Taisei Plas Co., Ltd (Tokyo, JP) inventors Masanori Naritomi and Naoki Andoh  developed a patent pending method to manufacture lightweight and strong composites of a magnesium alloy and carbon fiber reinforced plastics (CFRP), by strongly bonding the magnesium alloy and the CFRP using an epoxy adhesive. The magnesium alloy has specific ultra-fine irregularities is compatible with an epoxy resin adhesive and exhibits thus strong adhesion.  The manufacturing processes are detailed in U.S. Patent Application 20100112287.

A magnesium alloy composite plate material, in which magnesium alloy plates and a CFRP are integrated by exploiting bonding techniques, can be used in ordinary assembly structures with other metal members and bolts. The magnesium alloy plates can withstand strong local forces, and hence the CFRP is not damaged. As a result, the composite is effective for applications in casings, bodies and parts in mobile equipment such as automobiles or in mobile devices, where lightweightness, toughness and ease of assembly are required.The materials may be used in transport equipment where lightweight is required, such as automotive components, aircraft components, and bicycle components. 

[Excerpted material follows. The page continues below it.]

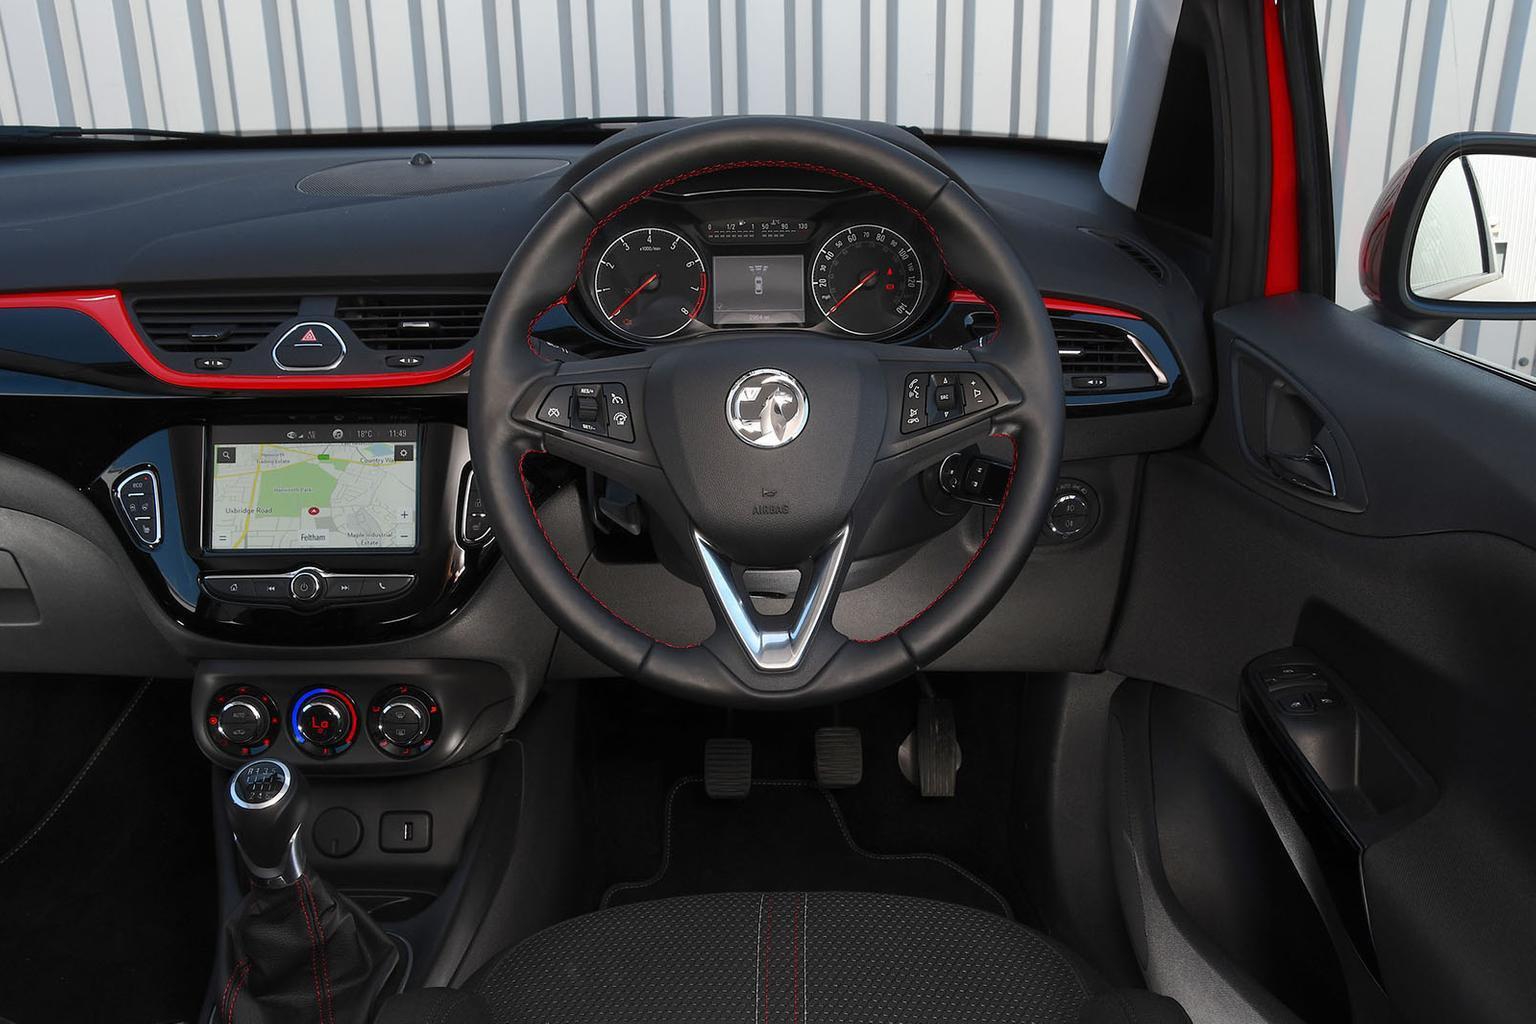 Vauxhall Corsa 1.4 75 Energy 3dr - interior

Carbon fiber reinforced plastics have the highest strength among structural materials, including metals, and are lightweight, having a specific weight of 1.6 to 1.7, i.e. a specific weight comparable to that of magnesium alloys. Ultra-lightweight and high-strength structural members could be manufactured if both CFRP and magnesium alloys could be strongly bonded to each other. Fortunately, CFRP prepregs, which are the precursors of CFRPs, are fabrics or aggregates of carbon fibers impregnated with an uncured epoxy resin, and thus integration simultaneous with curing can be made simple by tweaking the affinity of CFRP prepregs and an epoxy adhesive coated on the metal.

In order to make the magnesium and CFRP composites,  the inventors felt that first of all it was necessary to conduct diligent research and development on how to improve and stabilize bonding forces (bonding strength) between magnesium alloys and epoxy adhesives. Thus, they endeavored to develop a method that affords strong bonding with fiber-reinforced plastics, in particular CFRPs, by focusing on the development of surface treatment techniques for magnesium alloys. 

A specific preferred treatment method involves immersing the already-pretreated magnesium alloy part in a very dilute acidic aqueous solution for a short time, followed by water rinsing. Residual sodium ions that were not washed away during the pre-treatment are neutralized and removed thereby. The magnesium alloy part is then immersed in the aqueous solution of the conversion treatment, followed by water rinsing. The dilute acidic aqueous solution used is preferably a 0.1 to 0.3% aqueous solution of citric acid or malonic acid. Immersion takes place preferably around normal temperature for about 1 minute. 

The aqueous solution used for the conversion treatment is preferably an aqueous solution containing 1.5 to 3% of potassium permanganate, about 1% of acetic acid and about 0.5% of sodium acetate, at a temperature of 40 to 50.degree. C. Immersion in this aqueous solution lasts preferably about 1 minute. As a result of the above operation, the magnesium alloy becomes covered with a conversion coat of manganese dioxide. The surface morphology of the skin exhibits micron-scale roughness (surface roughness), and also nano-scale ultrafine irregularities when observed by electron microscopy.

U.S. Patent Application 20100112287 FIGS. 6 and 7 are 100,000-magnification electron micrographs of such nano-scale ultra-fine irregularities. The surface morphology of the ultra-fine irregularities is difficult to describe in a straightforward manner. 

The surface shown in the electron micrograph of FIG. 7 can be approximately described as being covered with innumerable tangled rod-shaped or spherical ultra-fine irregularities having a diameter of 5 to 20 nm and a length of 20 to 200 nm. Meanwhile, the ultra-fine irregularities on the surface in the electron micrograph of FIG. 6 look like irregular stacks of spherical bodies which have a diameter of 80 to 120 nm, and from which there grow innumerable rod-shaped or spherical protrusions having a diameter of 5 to 20 nm and a length of 10 to 30 nm. As far as can be observed by electron microscopy, all the rod-like (needle) shapes having a diameter of about 10 nm appear to be crystals, although no diffraction lines for manganese oxide were observed using an X-diffractometer (XRD). 

FIG. 6 is an electron micrograph at 100,000 magnifications of a test piece of an AZ31B magnesium alloy having had a surface treatment developed by Taisei Plas.